Date: 20061220
Docket: IMM-235-06
Citation: 2006 FC 1524
Ottawa, Ontario, December 20, 2006
PRESENT: The Honourable Madam Justice Dawson
BETWEEN:
AMAPOLA DEL ALBA SEPULVEDA SOTO
Applicant
and
THE MINISTER OF CITIZENSHIP
AND IMMIGRATION
Respondent
REASONS FOR JUDGMENT AND
JUDGMENT
[1] This
application for judicial review turns upon whether the officer who denied
Ms. Sepulveda Soto’s application for permanent residence from within Canada
on humanitarian and compassionate grounds met the duty upon her to be alert,
alive and sensitive to the best interests of Ms. Sepulveda's two Canadian
children. For the reasons that follow, notwithstanding the very able
submissions of counsel for the Minister, I have determined that the officer did
not meet this duty. The application for judicial review is, therefore,
allowed.
[2] Ms.
Sepulveda is a citizen of Chile who came to Canada in June 2000 on a visitor’s
visa.

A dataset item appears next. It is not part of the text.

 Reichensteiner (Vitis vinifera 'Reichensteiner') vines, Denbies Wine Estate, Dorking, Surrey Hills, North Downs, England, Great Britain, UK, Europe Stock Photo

Since the expiration of that visa she has remained in Canada without
legal status. In June of 2002 Ms. Sepulveda married a Canadian citizen, Mr.

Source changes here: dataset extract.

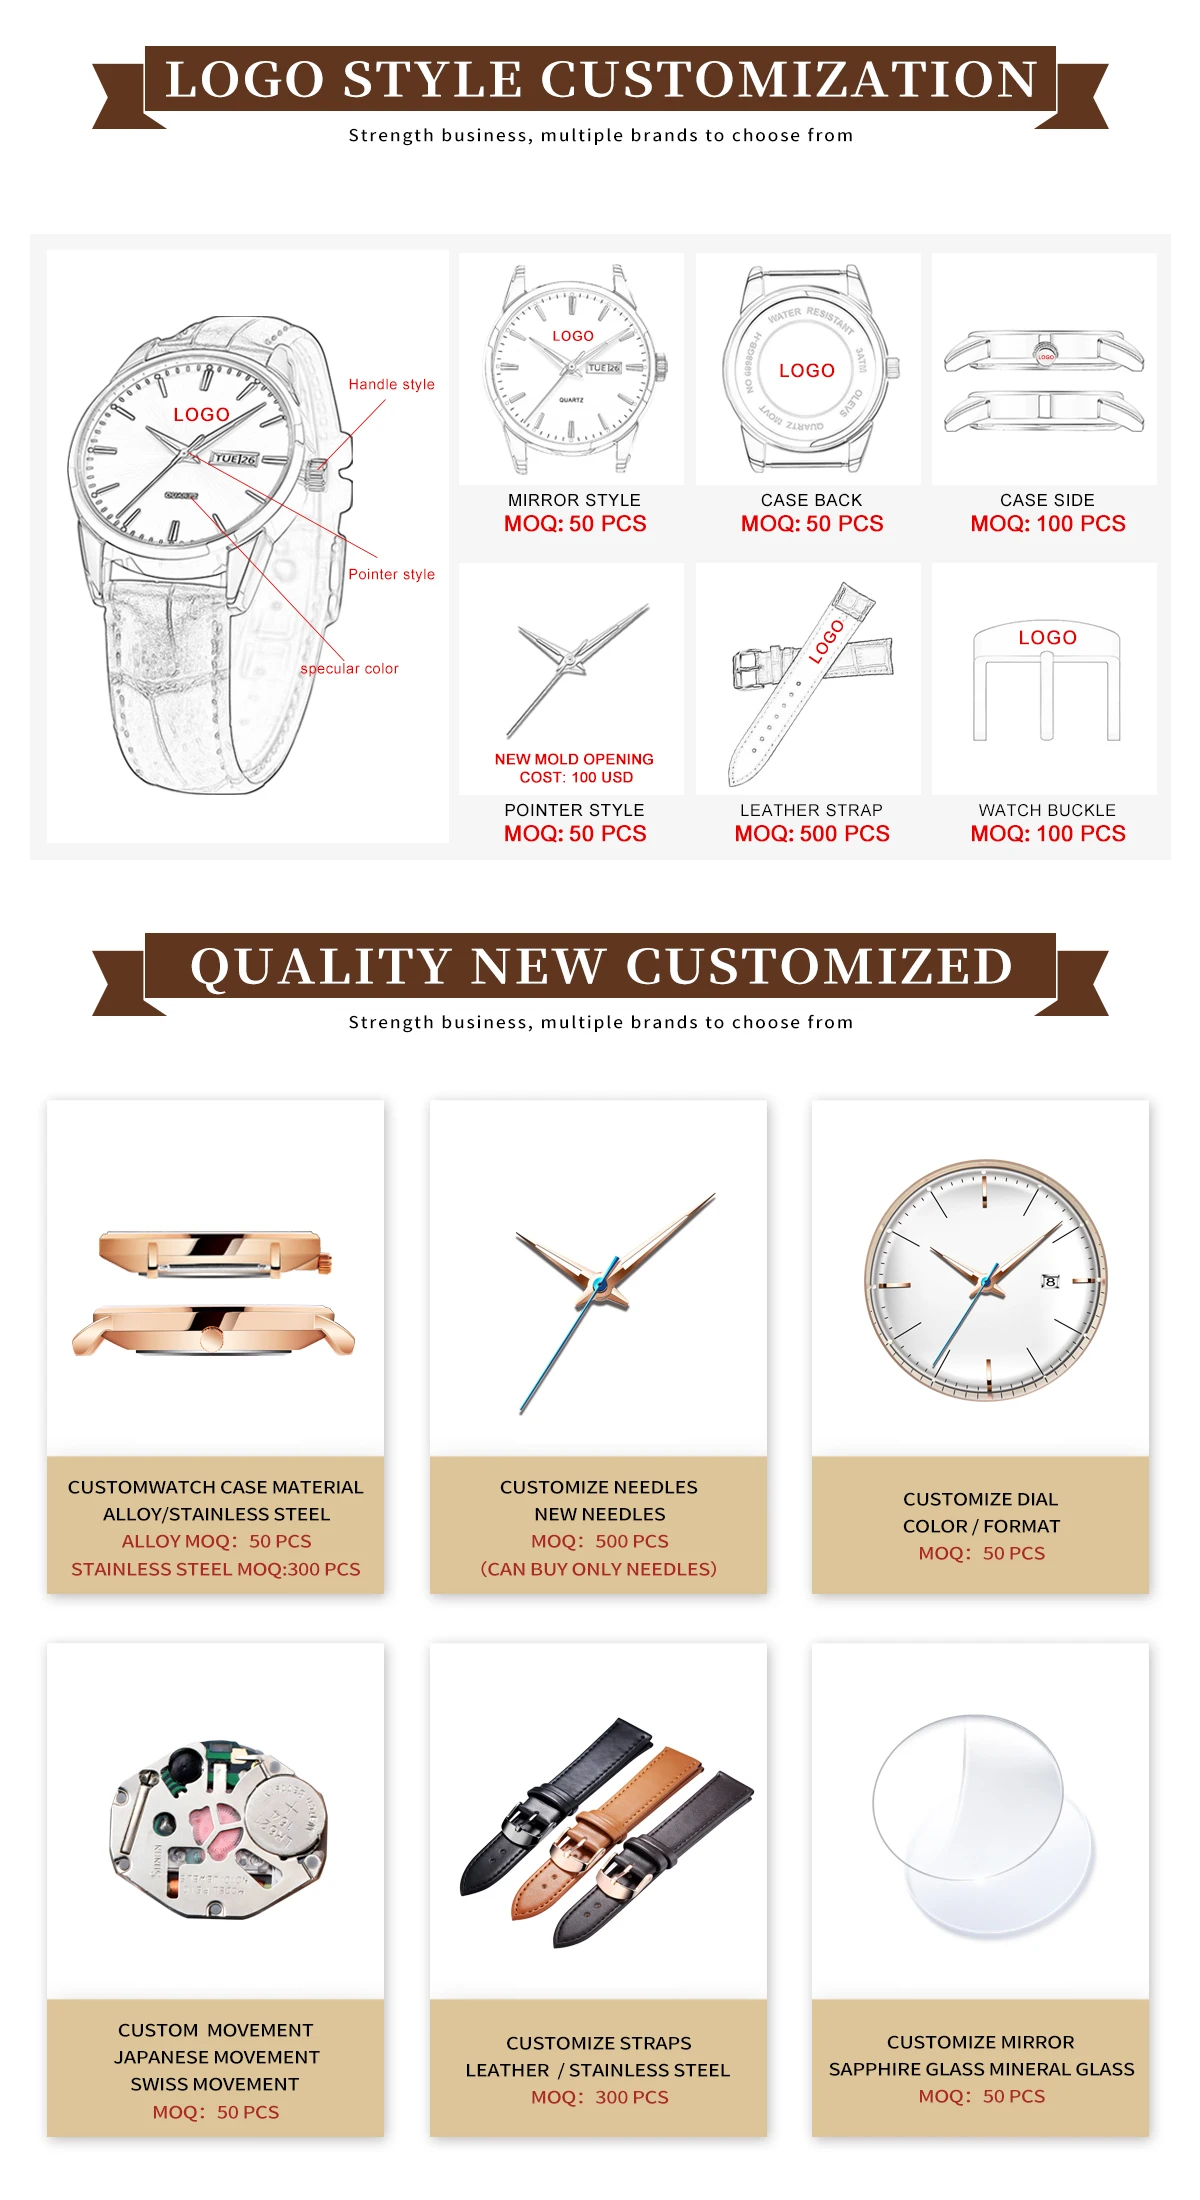 JSDUN wristwatch original | GoldYSofT Sale Online

Brian Lang. Ms. Sepulveda and her husband are now parents of twin sons, born
in March 2003. Mr. Lang is currently ineligible to sponsor Ms. Sepulveda’s
application for permanent residence as a result of a criminal conviction for
assault (see paragraph 133(1)(e) of the Immigration and Refugee
Protection Regulations, SOR/2002-227). That ineligibility was said by Ms.
Sepulveda’s counsel to expire in October 2008. Mr. Lang advised the officer
that he supports his wife's application, and that he would sponsor her, but for
his ineligibility.
[3] The
submissions made in support of Ms. Sepulveda's humanitarian and compassionate
application focused in large part upon the impact on her children if they were
required either to leave Canada with their mother, or to remain in Canada with
their father. Mr. Lang is self-employed as a carpenter.

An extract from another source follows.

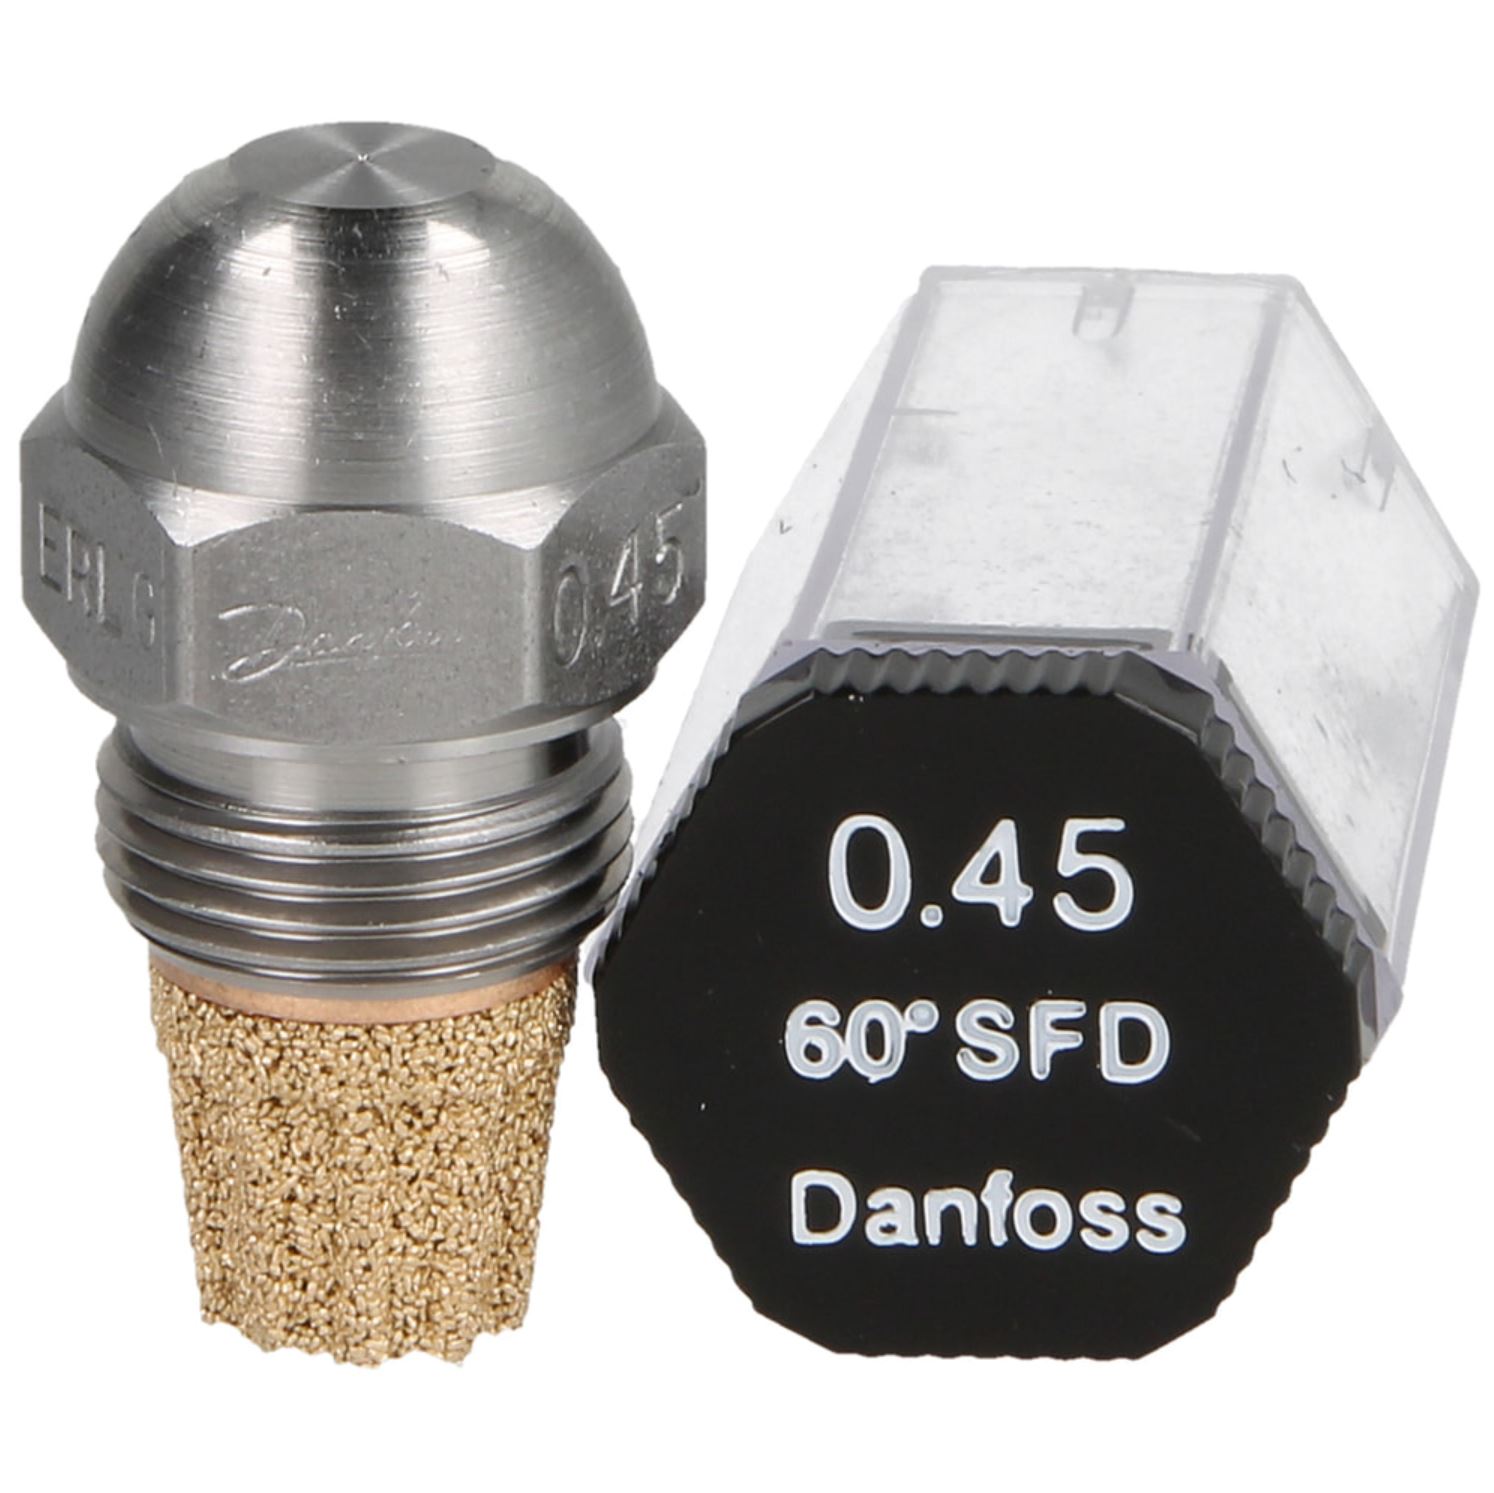 Danfoss-Öldüse 0,45 60°SF-D

Ms. Sepulveda maintains the home, and cares for the children. It was
particularly noted that Mr. Lang generally works 12 hours a day, six days a
week so that he is, accordingly, unable to provide any day-to-day care for the
children.
[4] Before
turning to the officer's reasons, I review some settled principles of law that
govern humanitarian and compassionate applications where the interests of
children are raised:
- The officer's decision is to be
reviewed on the standard of reasonableness.
- "For the exercise of the
officer’s discretion to fall within the standard of reasonableness, the
decision-maker should consider children's best interests as an important
factor, give them substantial weight, and be alert, alive and sensitive to
them. That is not to say that children's best interests must always
outweigh other considerations, or that there will not be other reasons for
denying [a humanitarian and compassionate] claim even when the children's
interests are given this consideration. However, where the interests of
children are minimized, in a manner inconsistent with Canada's
humanitarian and compassionate tradition and the Ministers guidelines, the
decision will be unreasonable". See: Baker v. Canada
(Minister of Citizenship and Immigration), [1999] 2 S.C.R. 817 at
paragraph 75.
- The presence of children does not
call for a certain decision. It is up to the officer to determine the
appropriate weight to be accorded to this factor, in all of the
circumstances of the case. It is not the role of the reviewing court to
re-weigh the evidence before the officer.
- The Ministerial guidelines, now
found in Chapter 5 of the Inland Processing Manual (IP 5) are of
assistance in determining whether an officer's decision is reasonable.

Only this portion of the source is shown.